Наш разговор состоялся накануне отъезда спортсменки в Европу. Но стоило мне выразить радость по поводу возвращения, Анна огорошила:
— Да я, в общем-то, до сих пор совершенно не уверена, что вернулась…
— Как вас понимать? Неужели не радует, что со дня на день вновь окажетесь в привычной для себя обстановке крупных соревнований?
— Я стремилась не к этому. В смысле не к тому, чтобы снова начать участвовать в соревнованиях. А к тому, чтобы вернуться на тот уровень, на котором когда-то была. Это пока у меня не очень получается. И радости как таковой нет. Не чувствую я никакой радости, понимаете? Причем это не сиюминутное состояние. Точно так же я чувствовала себя и полгода назад, и год. Поэтому в каком-то смысле боюсь возвращения на лыжню. Не хочется ведь показывать плохие результаты.
— Мне кажется, что вам сейчас следует думать не о результатах как таковых а стараться снова начать испытывать удовольствие от каких-то менее глобальных вещей. От бега по лыжне, от тренировочной усталости…

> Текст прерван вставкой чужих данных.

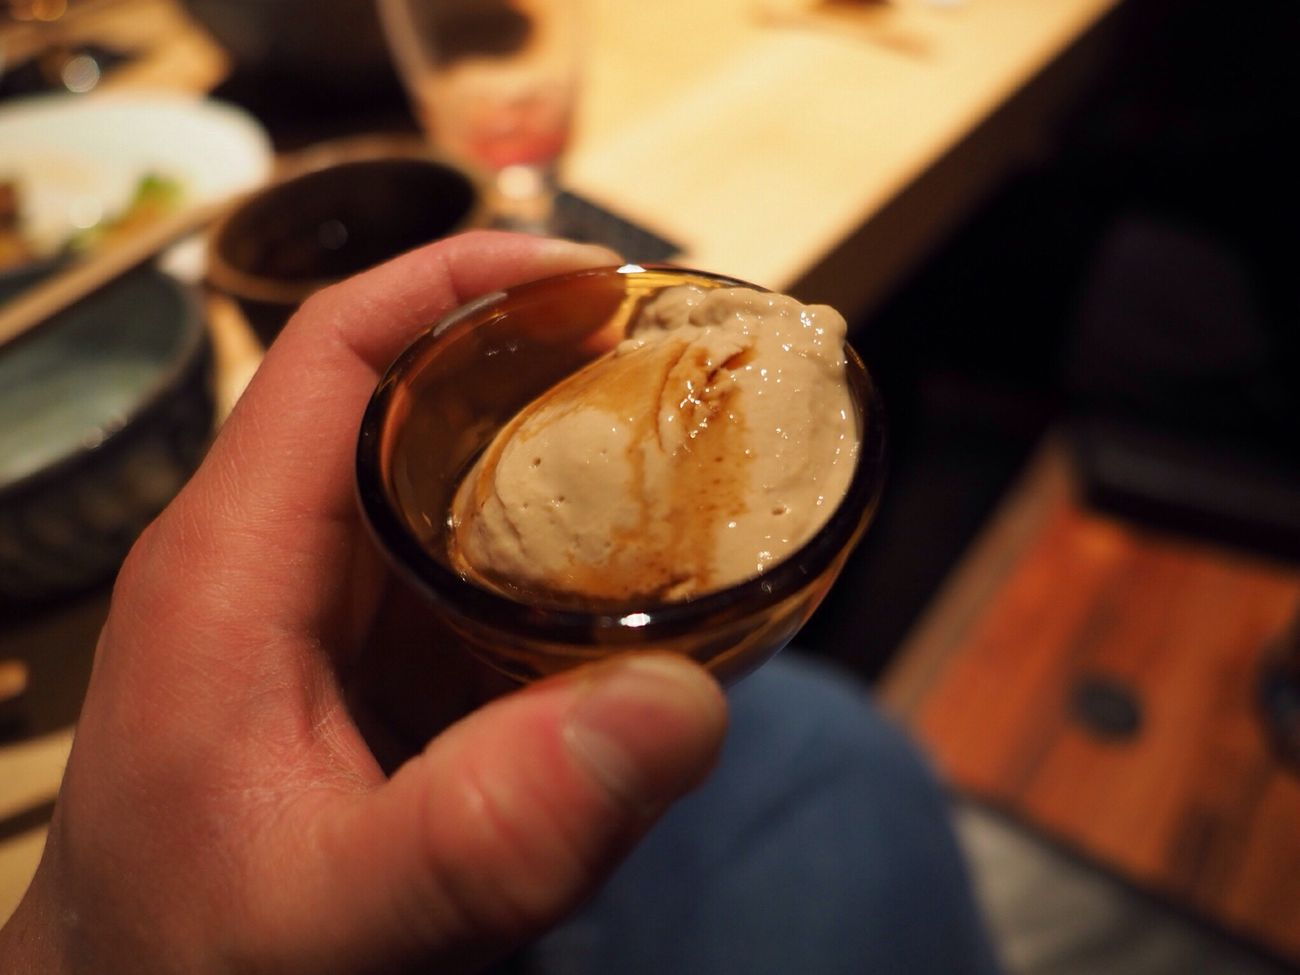 Kyoto Japan Nagaokakyo Enoki-ya Dinner Pudding Delicious Olympus PEN-F 京都 日本 長岡京 えのきや 食事会 プリン コーヒー? 美味 (null)デザート
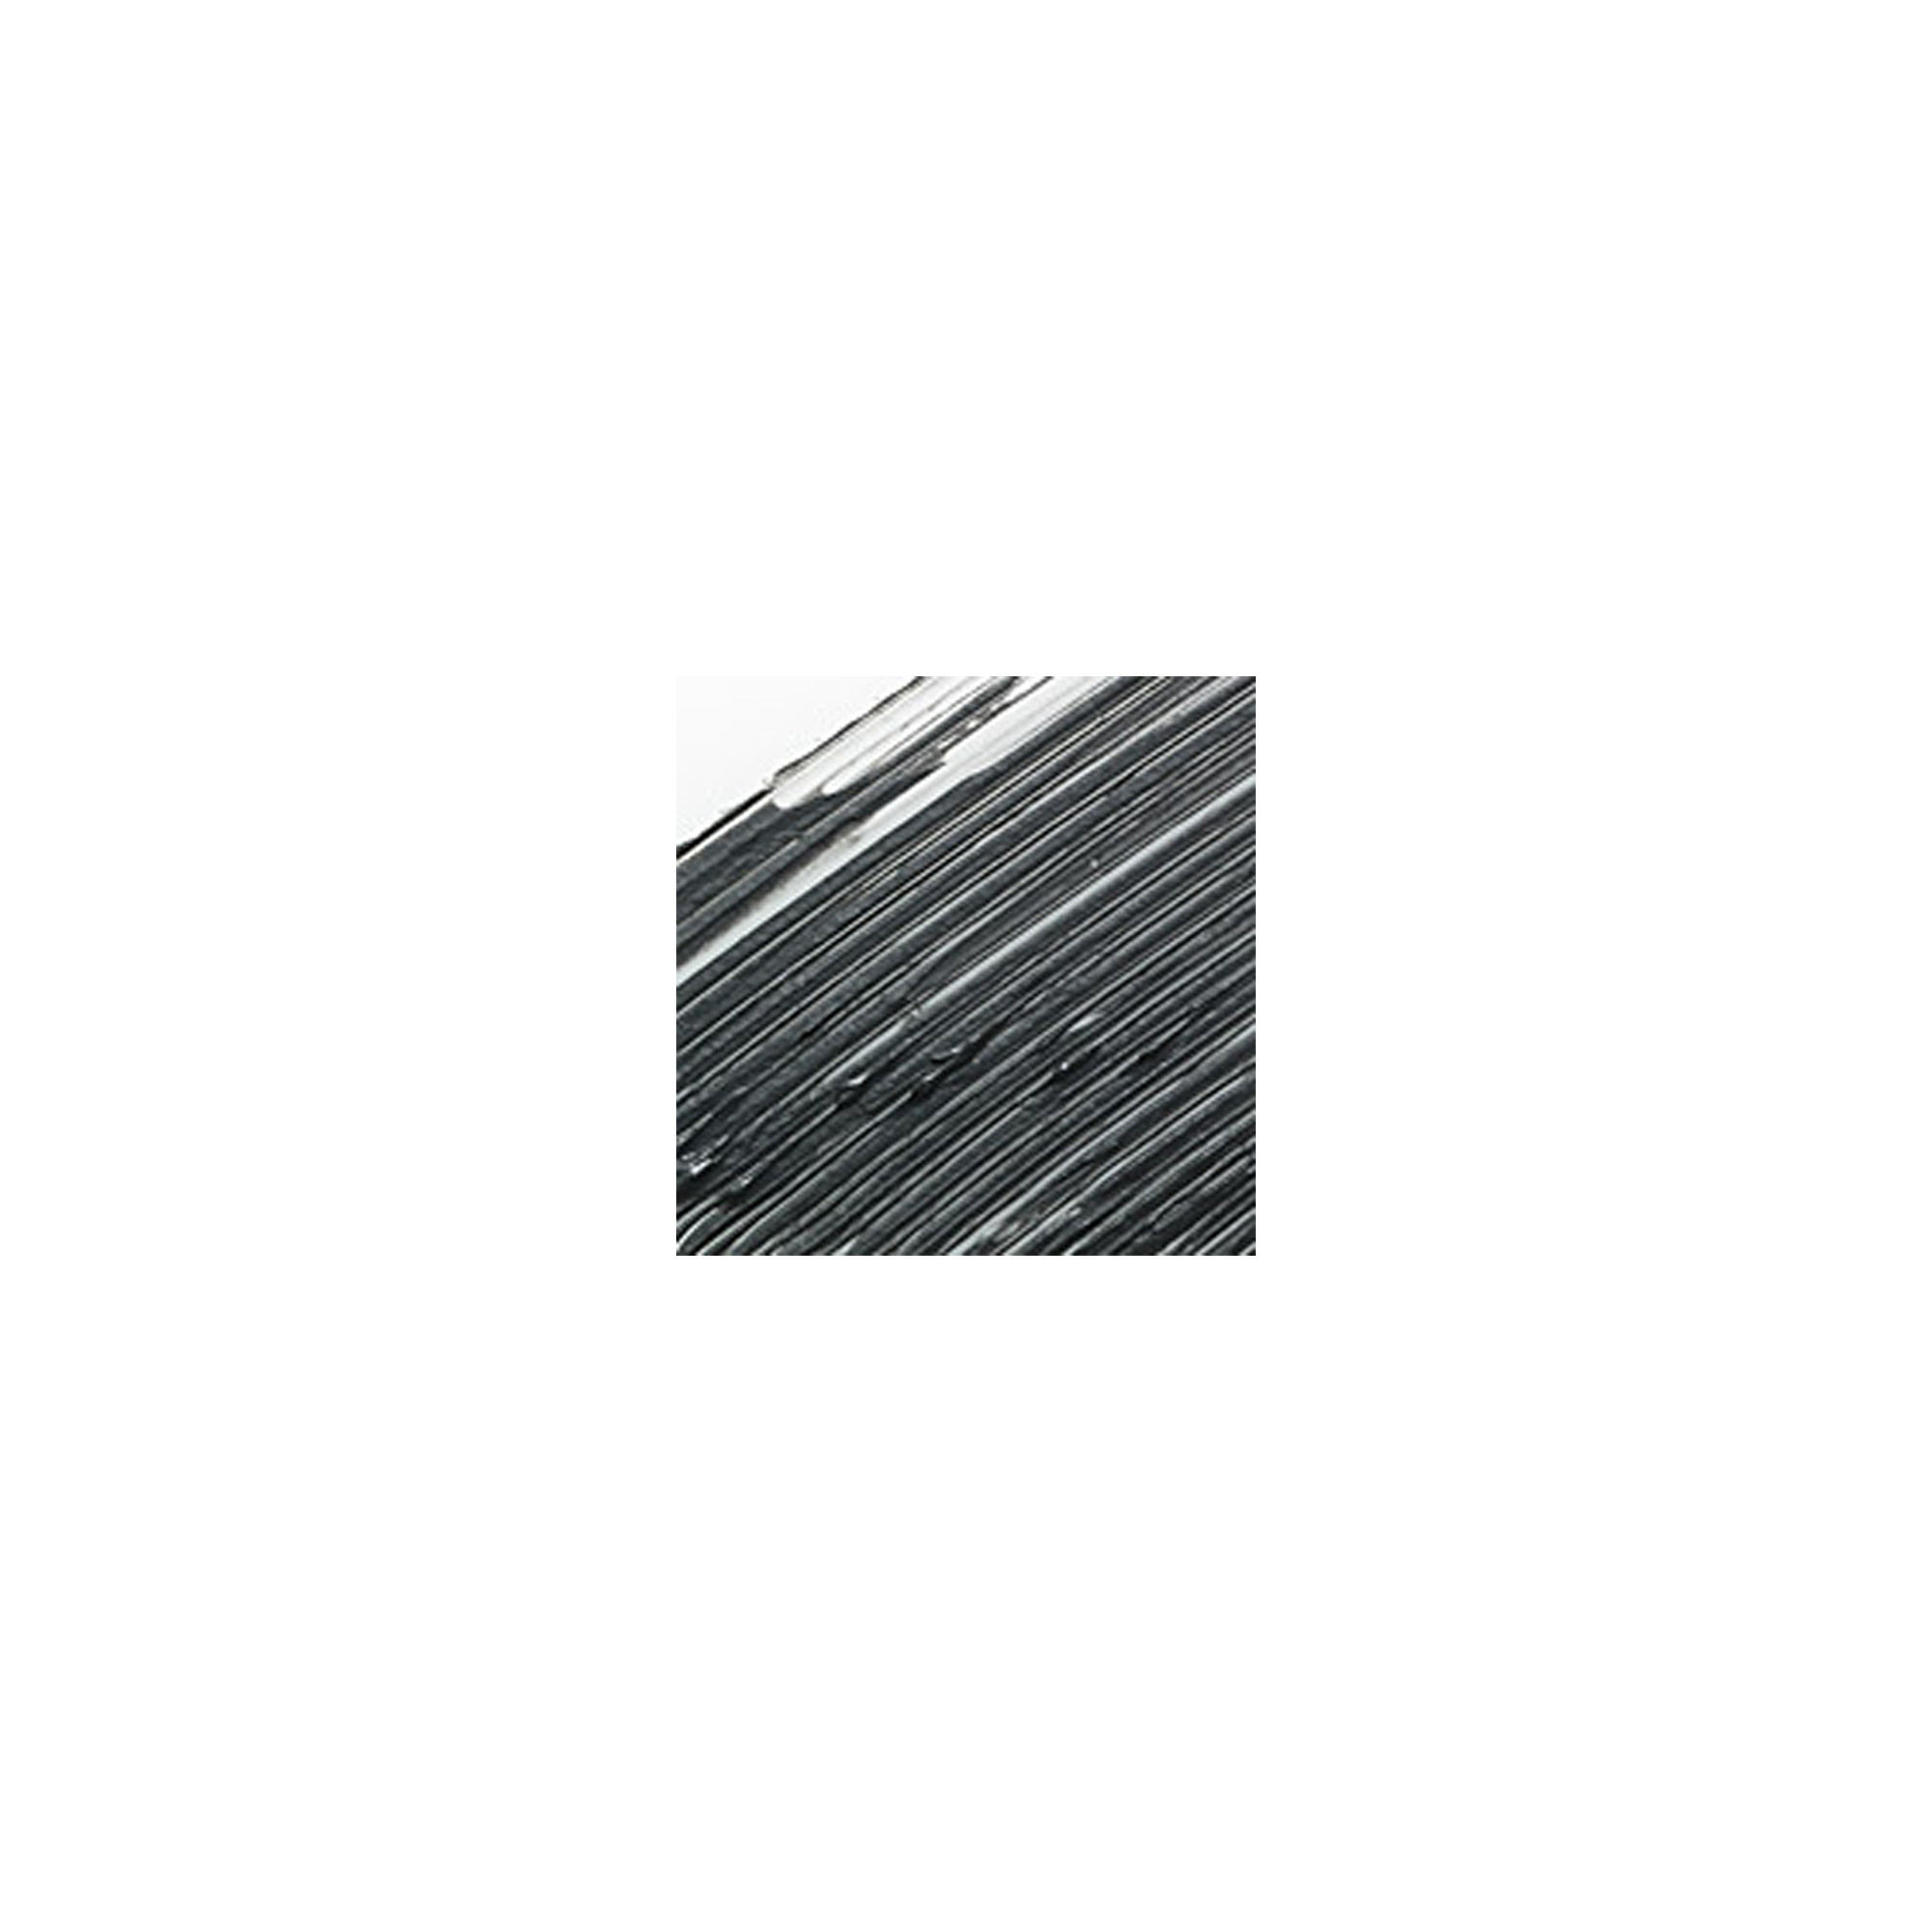 In Extreme Dimension Wp Mascara - Dimensional Black, WATERPROOF DIMENSIONAL BLACK, large image number 1

— Я стараюсь. Хочу поймать прежние ощущения, которые испытывала, находясь в форме. И прилагаю для этого достаточно много усилий.
***
— Насколько близки вы были год назад к тому, чтобы уйти из спорта?
— Так я и ушла. Во всяком случае, для себя тогда конкретно решила, что со спортом покончено. Тем более, что к этому решению шла достаточно долго.
— Но почему? Неужели настолько сильным оказался полученный в Ванкувере удар?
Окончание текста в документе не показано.